South African government has promised another $400 million capital injection into failing airline South African Airways.
This comes after CEO Vuyani Jarana told the government in April that they needed a capital injection urgently.
Jarana said that the government has committed to inject another 5 billion rands into SAA. Part of that 5 billion rands we will repay some of the creditors, suppliers, then the balance will support us for working capital until around October/November.
The Treasury of the South African Government confirmed in a statement that the outcome of this process is expected to be finalized in time for the 2018 MTBPS (Medium Term Budget Policy Statement).
This statement will be presented to parliament in October.
The Government also added that South African Airways needs a private equity partner to fund the airline further as the parliament shouldn’t need to be bailing them out all of the time.

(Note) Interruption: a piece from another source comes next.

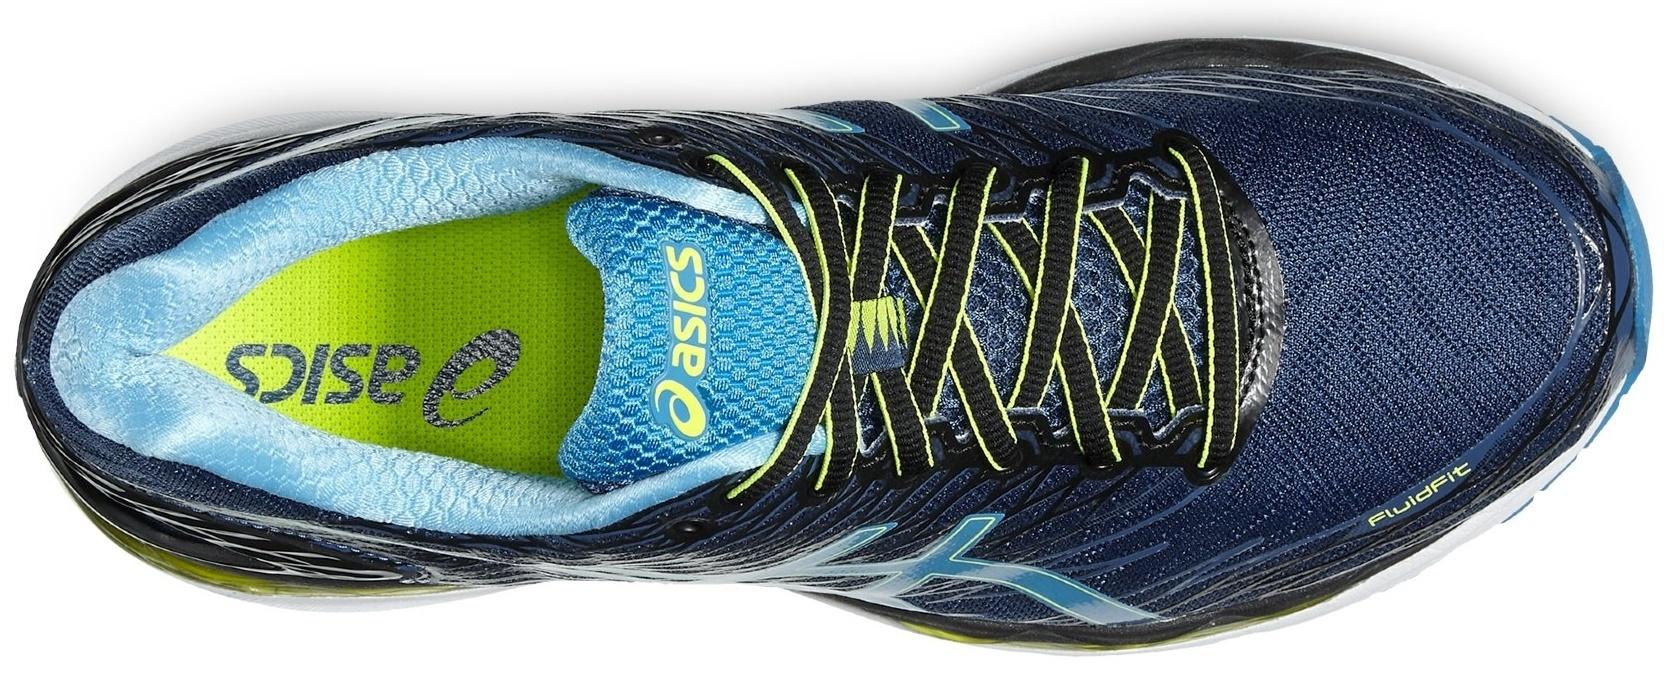 Мужские кроссовки для бега Asics Gel-Nimbus 18 T600N 5843 интернет-магазин

The airline did concede that job losses will have to be implemented in their current workforce of 10,000 people, saying it was inevitable.
Jarana said that The first priority for me is job preservation, how do you find alternative jobs for people as a starting point before you go into the hard issues of retrenchments?
South African Airlines is to receive a $400 million capital injection from the Government of South Africa.
This is all subject to Treasury approval by October 2018.
Jarana’s ambitions for the airline is to break even within three years as well as being able to pay for their operations without needing handouts from the government.
SAA has not produced a profit for seven years and has received up to 20 billion Rand in state support already.
SAA claims that the $400 million is needed to prop up the business, pay off debts as well as implementing a turnaround plan.
It remains to be seen what the turnaround plan consists of and whether it will produce the results the airline needs and what the government wants so then payback of the bailout and can begin in due course.
Whether cutbacks are going to be needed seems very likely, but it is a promising sign for the employees that Jarana’s priorities in the cutbacks are job preservation and not just the straight-out redundancies that are on everyone’s minds.